--- Task prompt ---
With the pictures left aside, write out exactly the lines of the listing below from the line with "Cheerful young woman" to the line with "The image shows", both included, and only those.
#### Listed entries
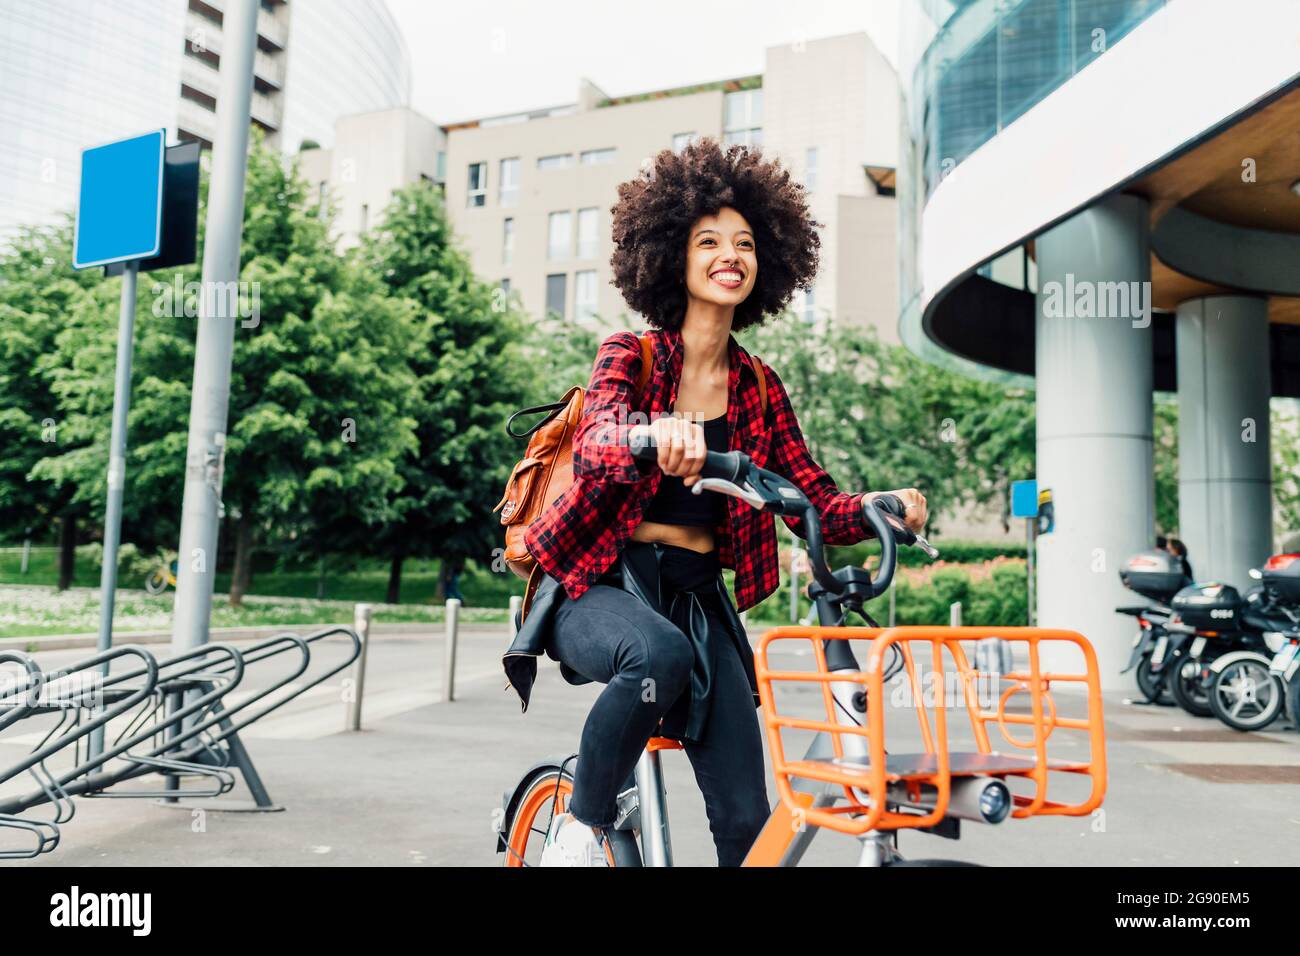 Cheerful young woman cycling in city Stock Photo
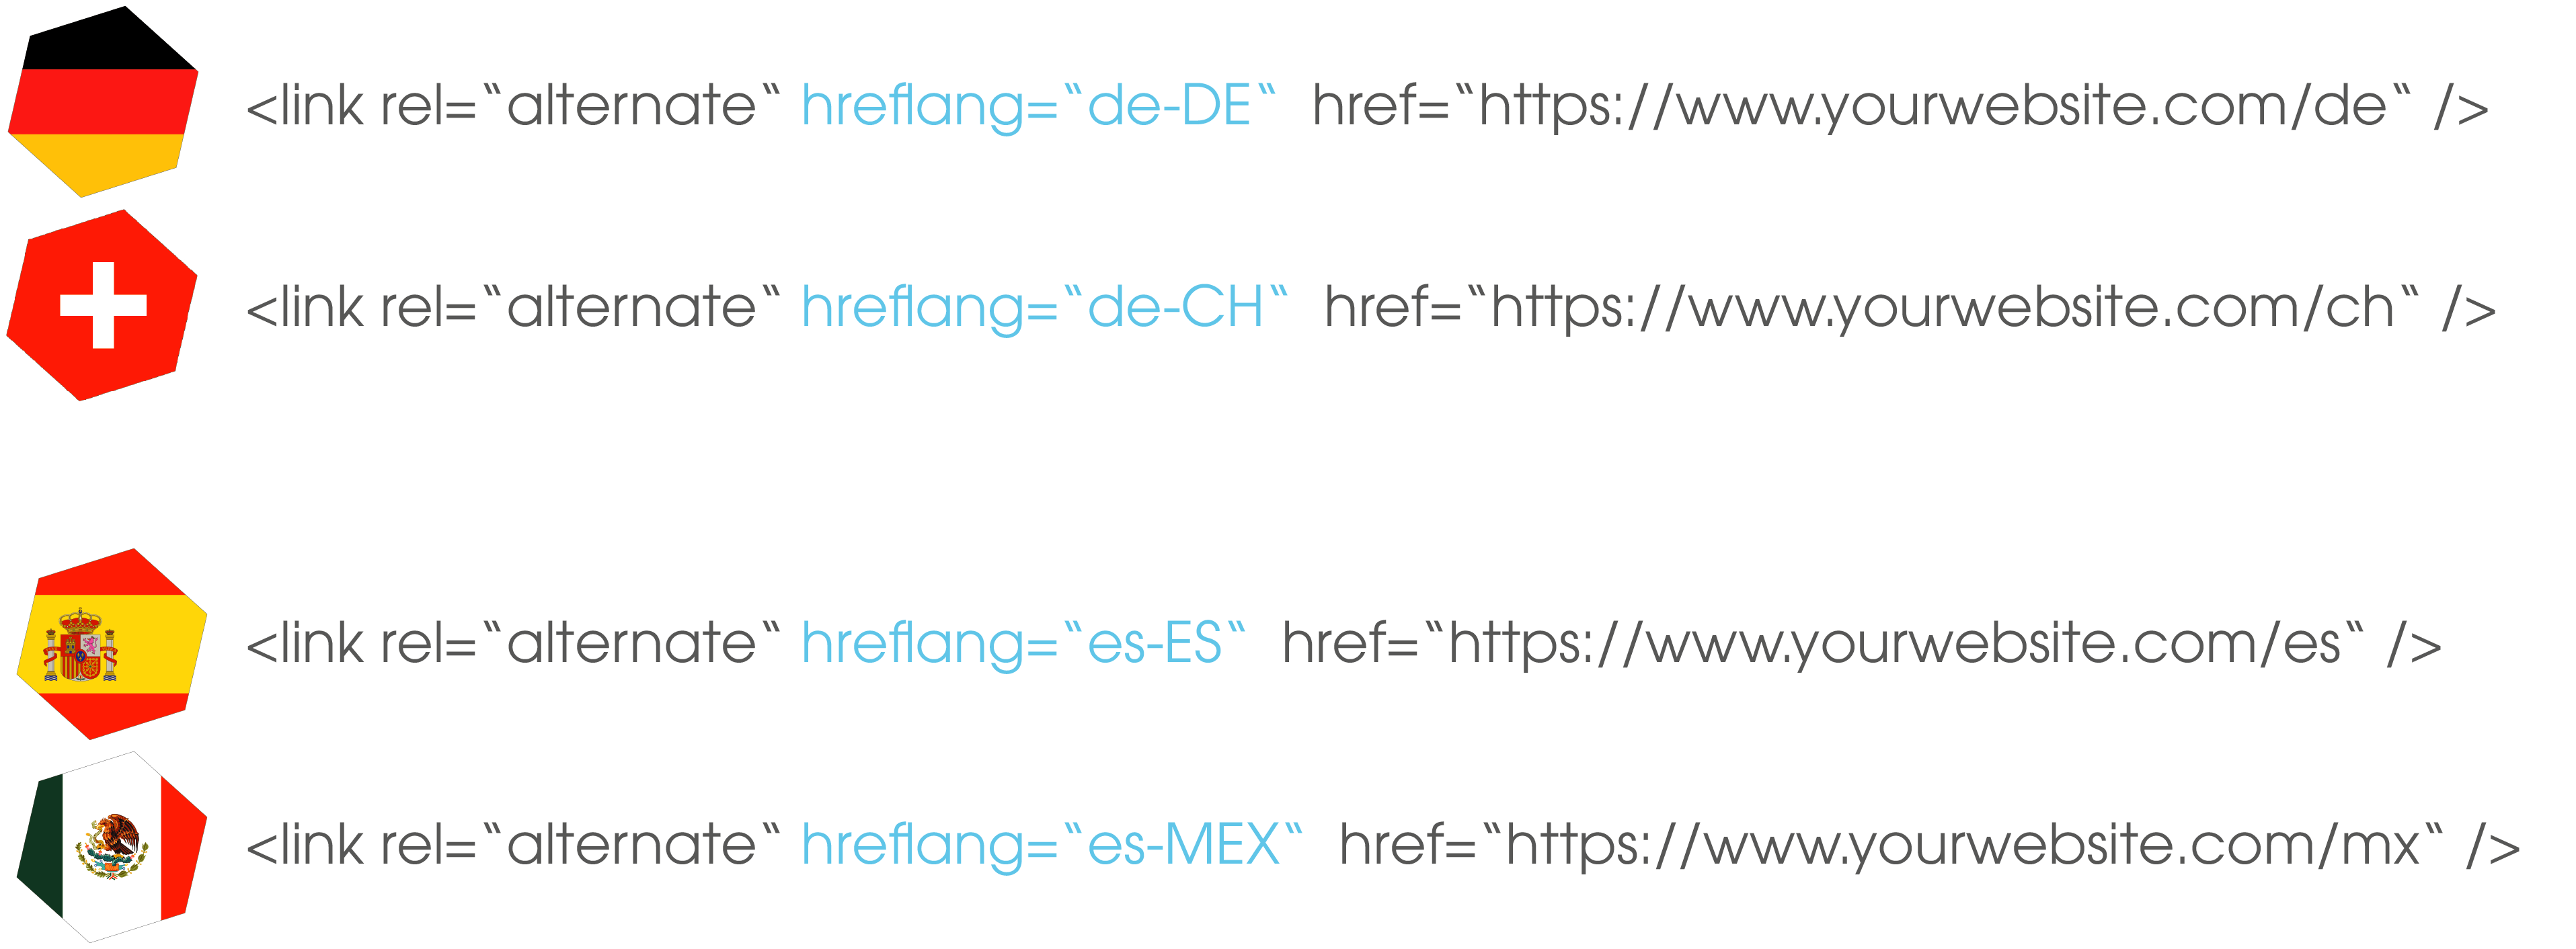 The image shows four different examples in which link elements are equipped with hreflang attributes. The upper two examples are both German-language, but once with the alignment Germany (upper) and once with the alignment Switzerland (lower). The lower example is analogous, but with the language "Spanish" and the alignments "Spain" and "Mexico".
########
#### Listed entries
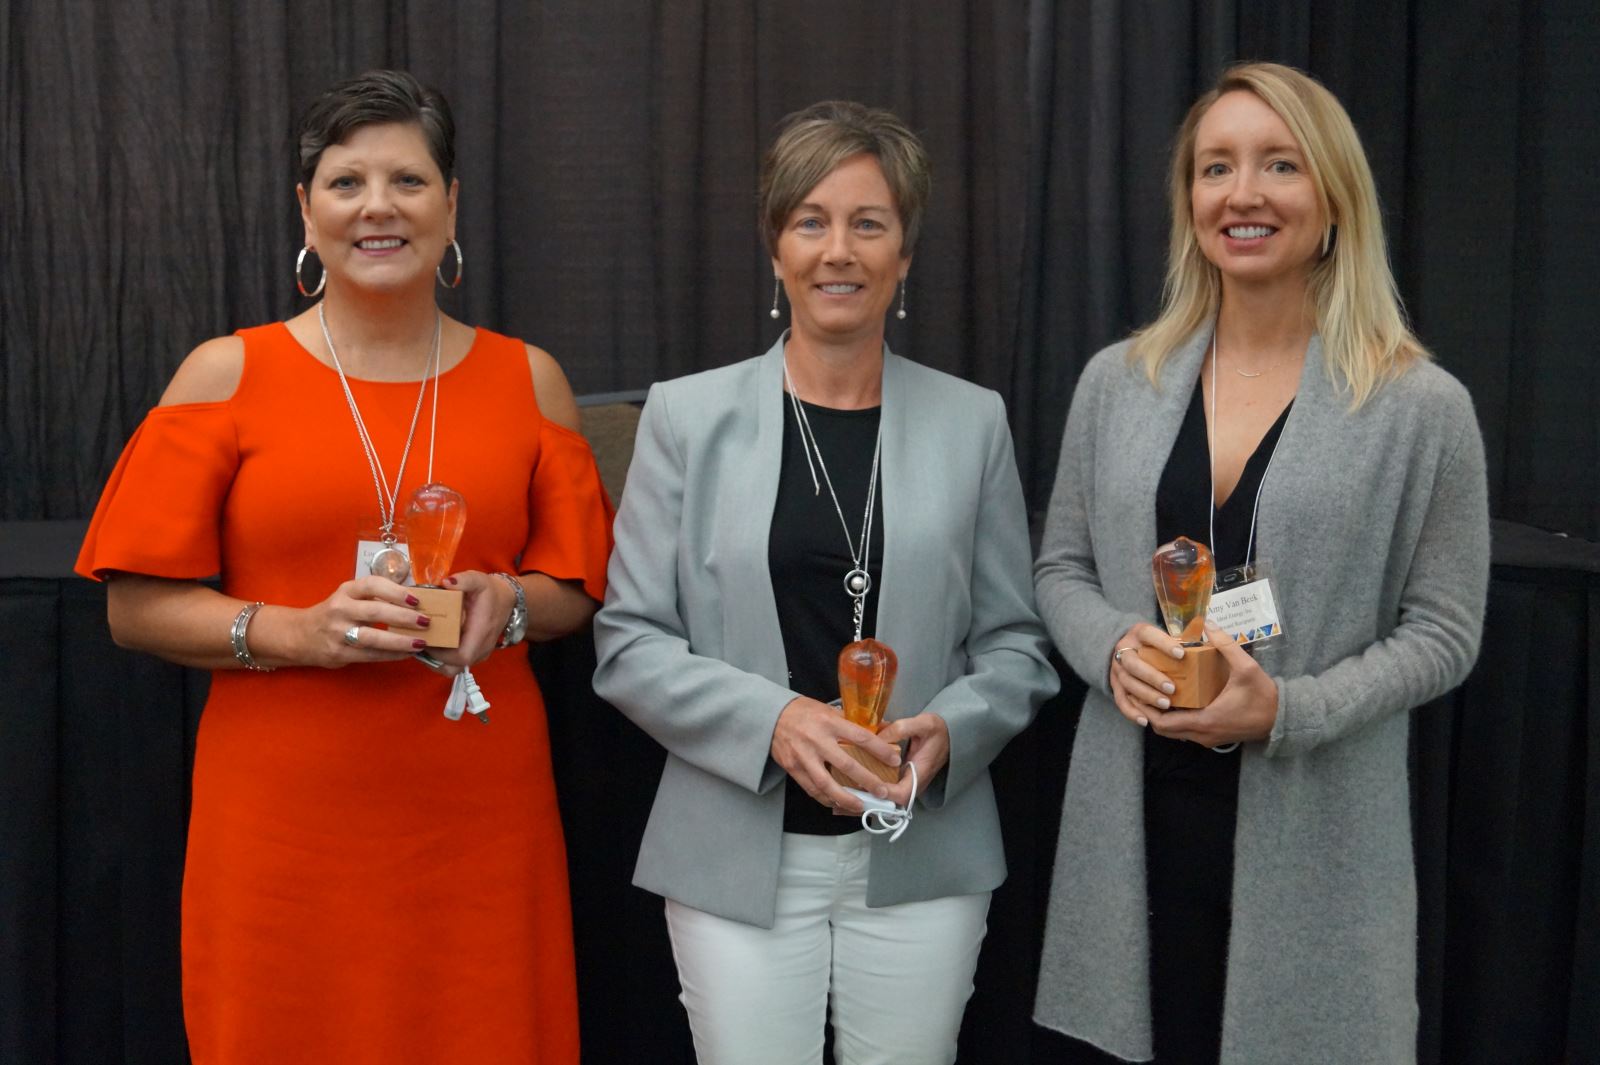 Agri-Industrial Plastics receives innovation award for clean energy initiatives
########
--- Task answer ---
 Cheerful young woman cycling in city Stock Photo
 The image shows four different examples in which link elements are equipped with hreflang attributes. The upper two examples are both German-language, but once with the alignment Germany (upper) and once with the alignment Switzerland (lower). The lower example is analogous, but with the language "Spanish" and the alignments "Spain" and "Mexico".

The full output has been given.